The following roundtable discussion with Marco de Corte raised the complexity of comparing different kinds of radiological data across formal and informal data gathering, and across health and background radiation monitring. The JRC has just started a new project researching the increase in crowd sourced radiological readings using smart phone pocket geiger counters, and are hoping to be able to map the environmental data (taken from static readings of environmental monitoring stations) alongside the mobile monitoring of people following traces of radiation in their local environments. The project includes advising companies producing smart phone radiation monitors on the user manuals, to ensure that people take the most effective measurements possible. The JRC also maintains a European Lung Cancer register, and future work will map this data onto the radon map to see if there is a correlation between background radiation and lung cancer.

The roundtable conversation also covered:
- the relationship between pyschic and physical effects of radiation.
- the need for scientific and artistic bureaucracy to establish intergenerational structures for continuity of knowledge, such as museums, archives and libraries.
- Radon Washout
- time delay between scientifically private and public data.
- Ele presented all the scientists with a copy of the Nuclear Culture Source Book, and presented Giorgia with a 'Ray Cat' T-shirt.
- Paolo Peerani presented Ele with the 'Art Spaces' JRC exhibition catalogue, where over 50 artists were given an empty steel waste container drum to create an artwork for an exhibition which took place in the empty radioactive waste storage site in 2017.

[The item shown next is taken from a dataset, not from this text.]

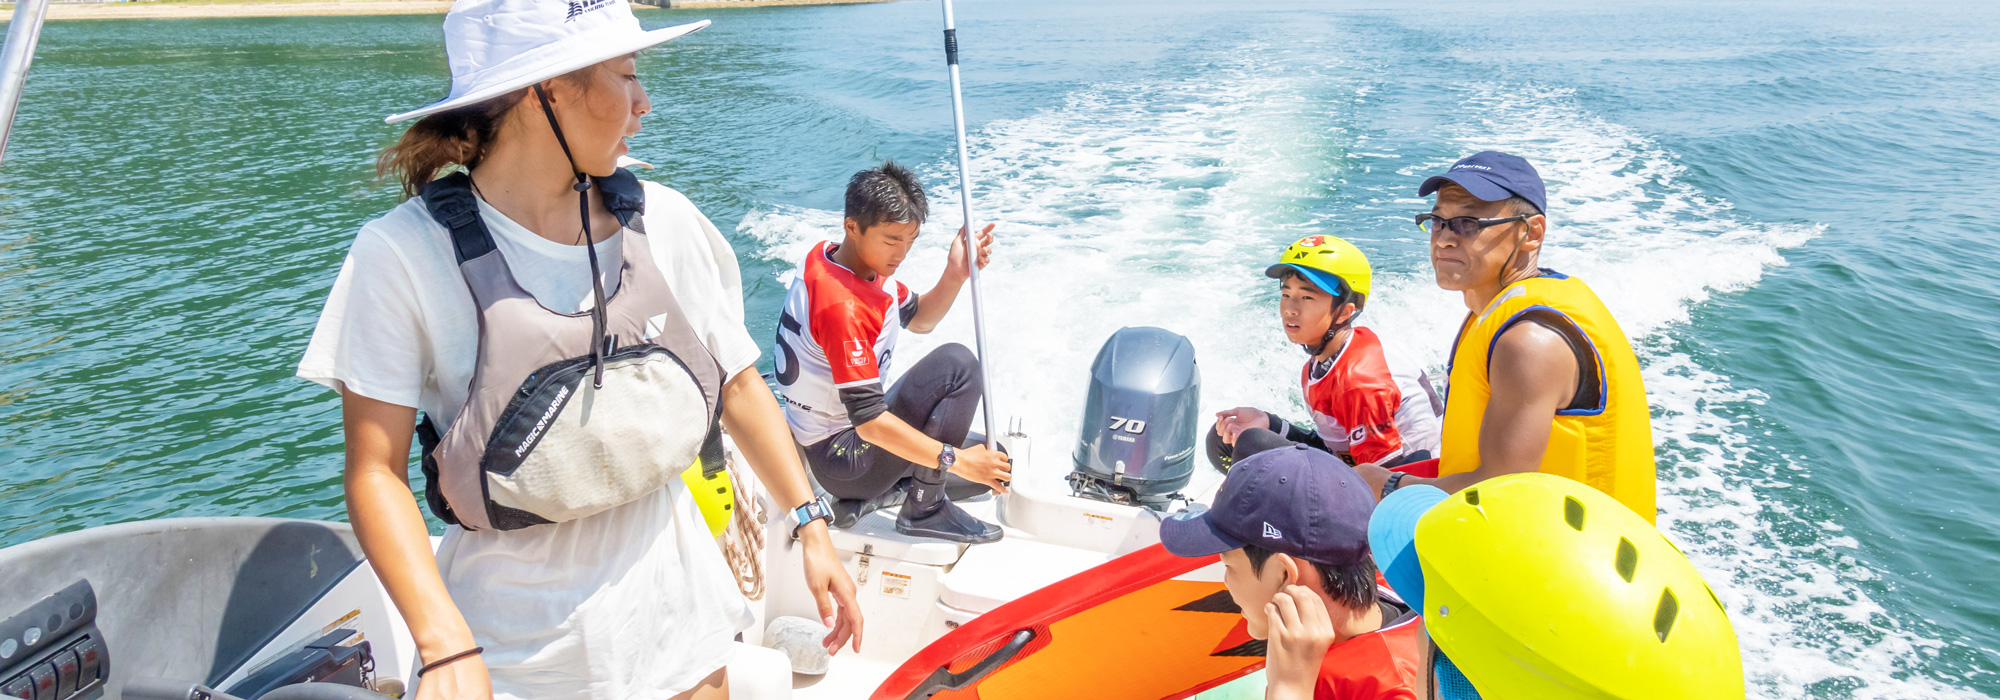 穏やかな瀬戸内海の離島・香川県の小豆島の海で貸切クルージングを楽しむ
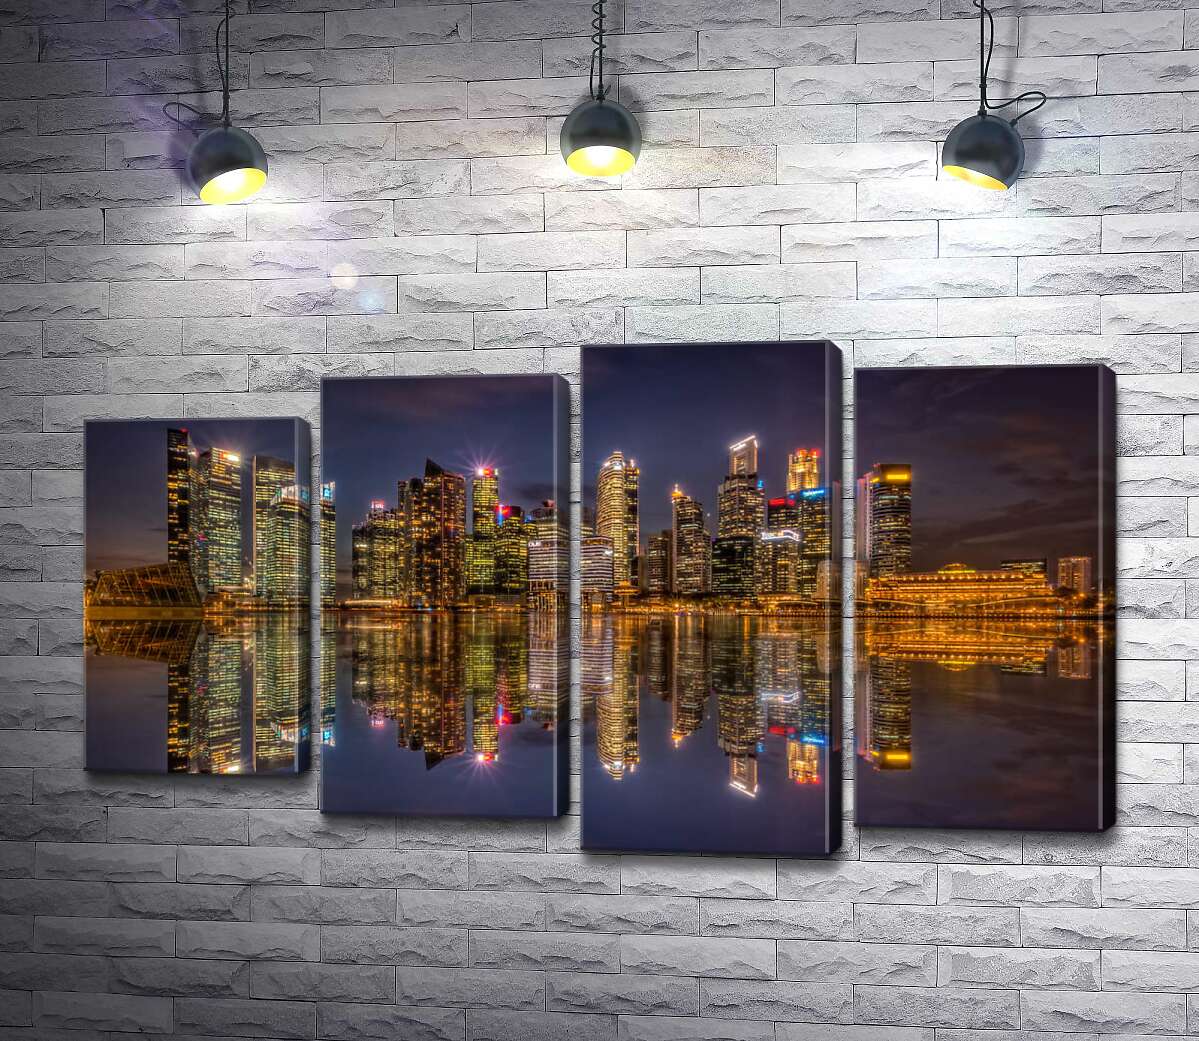 

Модульная картина ArtPoster Зеркальные отражения ночных домов у набережной Сингапура 100x59 см Модуль №21

The collaborative outcomes from the workshop include:
- increased understanding of the distinctive characteristics of environmental monitoring across formal and informal data collection.
- exchange of research and publications.
- established common understanding of the critical integrity of artistic practices in the field of nuclear culture.
- potential for the Nuclear Culture project to make public the JRC research, especially in the field of nuclear studies and nuclear humanities.
- potential for artistic work with existing mapping data.
- to address the lack of radiation monitoring data from Greenland, working with Lise Autogena and Joshua Portway.